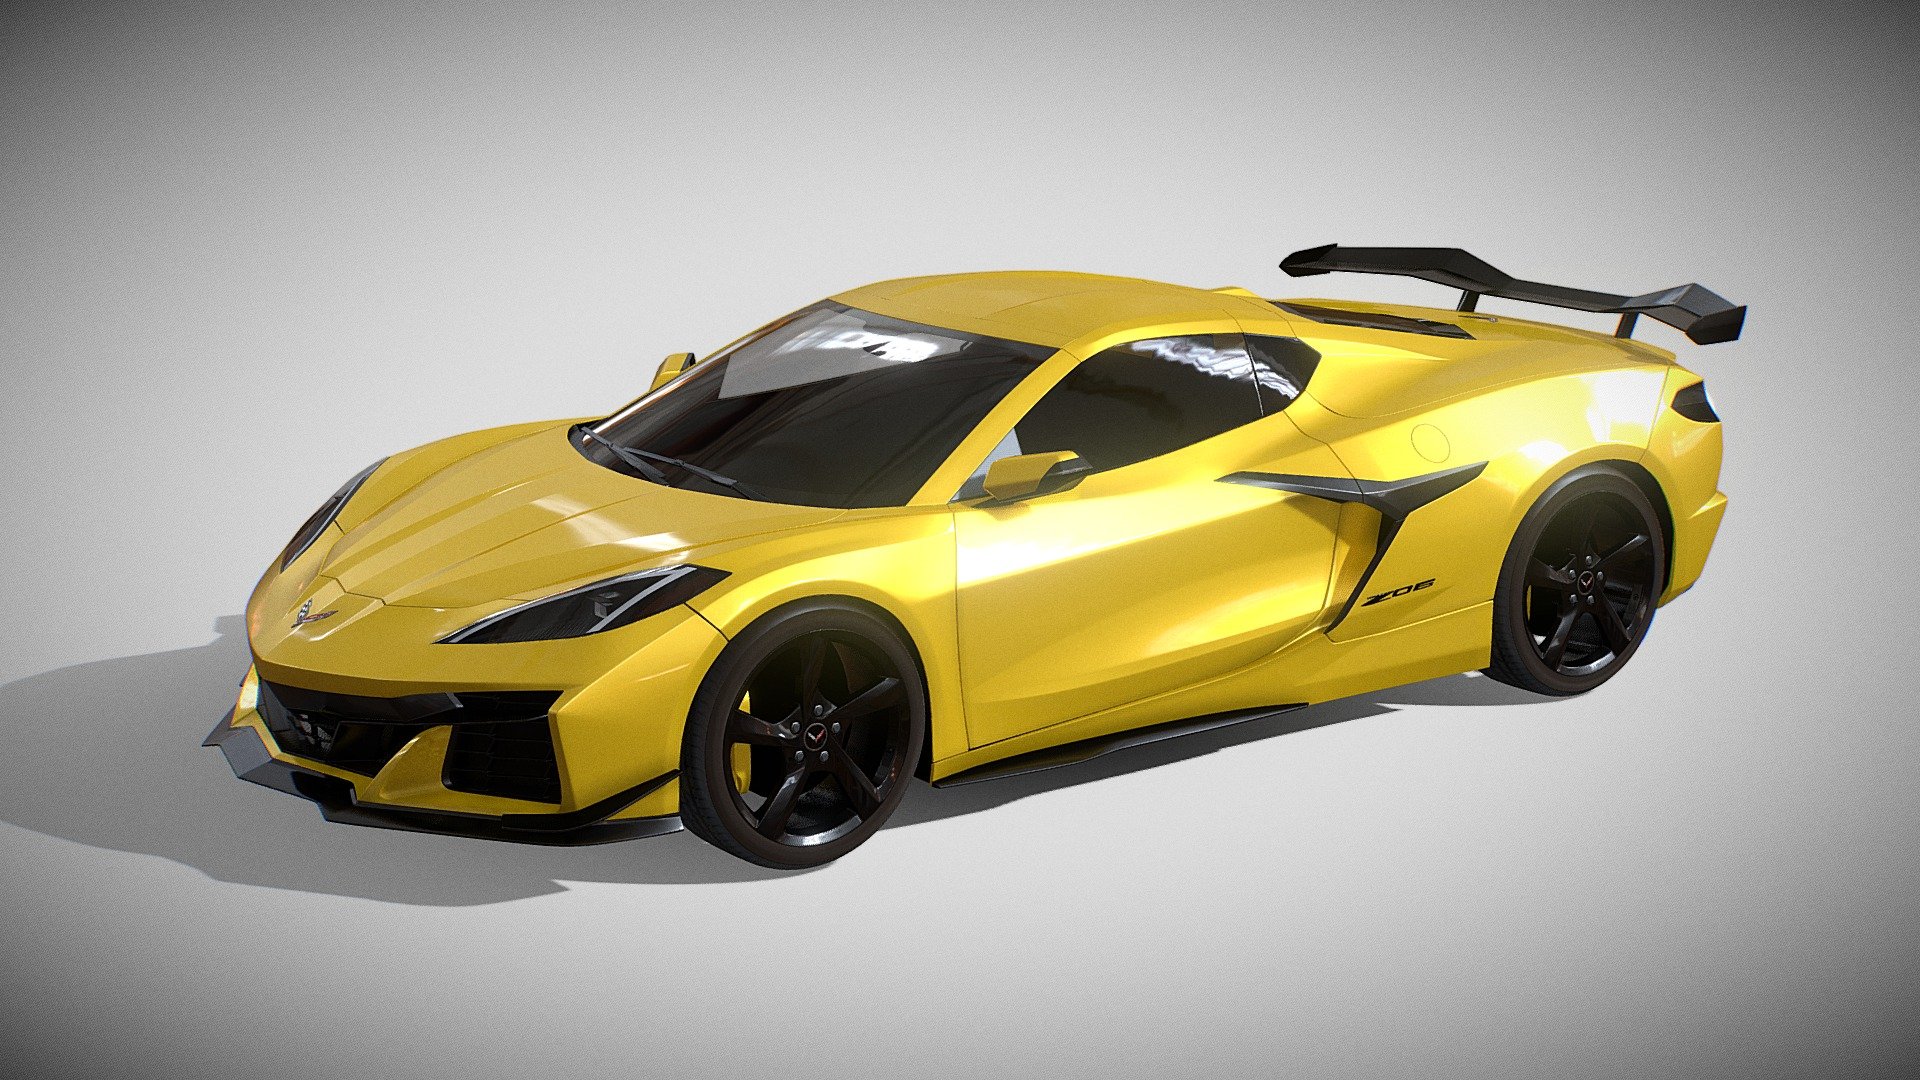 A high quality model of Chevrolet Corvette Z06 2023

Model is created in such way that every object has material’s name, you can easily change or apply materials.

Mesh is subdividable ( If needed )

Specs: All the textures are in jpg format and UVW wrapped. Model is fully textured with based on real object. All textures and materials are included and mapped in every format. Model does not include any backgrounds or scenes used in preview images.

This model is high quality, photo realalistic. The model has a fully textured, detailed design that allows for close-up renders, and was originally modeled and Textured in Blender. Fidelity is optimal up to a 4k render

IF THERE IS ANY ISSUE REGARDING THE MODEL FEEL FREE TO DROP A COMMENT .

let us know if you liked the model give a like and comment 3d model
======
Restate word for word the lines from the line containing "Specs: All the" through the last line of the listing, inclusive, and nothing beyond them.

Specs: All the textures are in jpg format and UVW wrapped. Model is fully textured with based on real object. All textures and materials are included and mapped in every format. Model does not include any backgrounds or scenes used in preview images.

This model is high quality, photo realalistic. The model has a fully textured, detailed design that allows for close-up renders, and was originally modeled and Textured in Blender. Fidelity is optimal up to a 4k render

IF THERE IS ANY ISSUE REGARDING THE MODEL FEEL FREE TO DROP A COMMENT .

let us know if you liked the model give a like and comment 3d model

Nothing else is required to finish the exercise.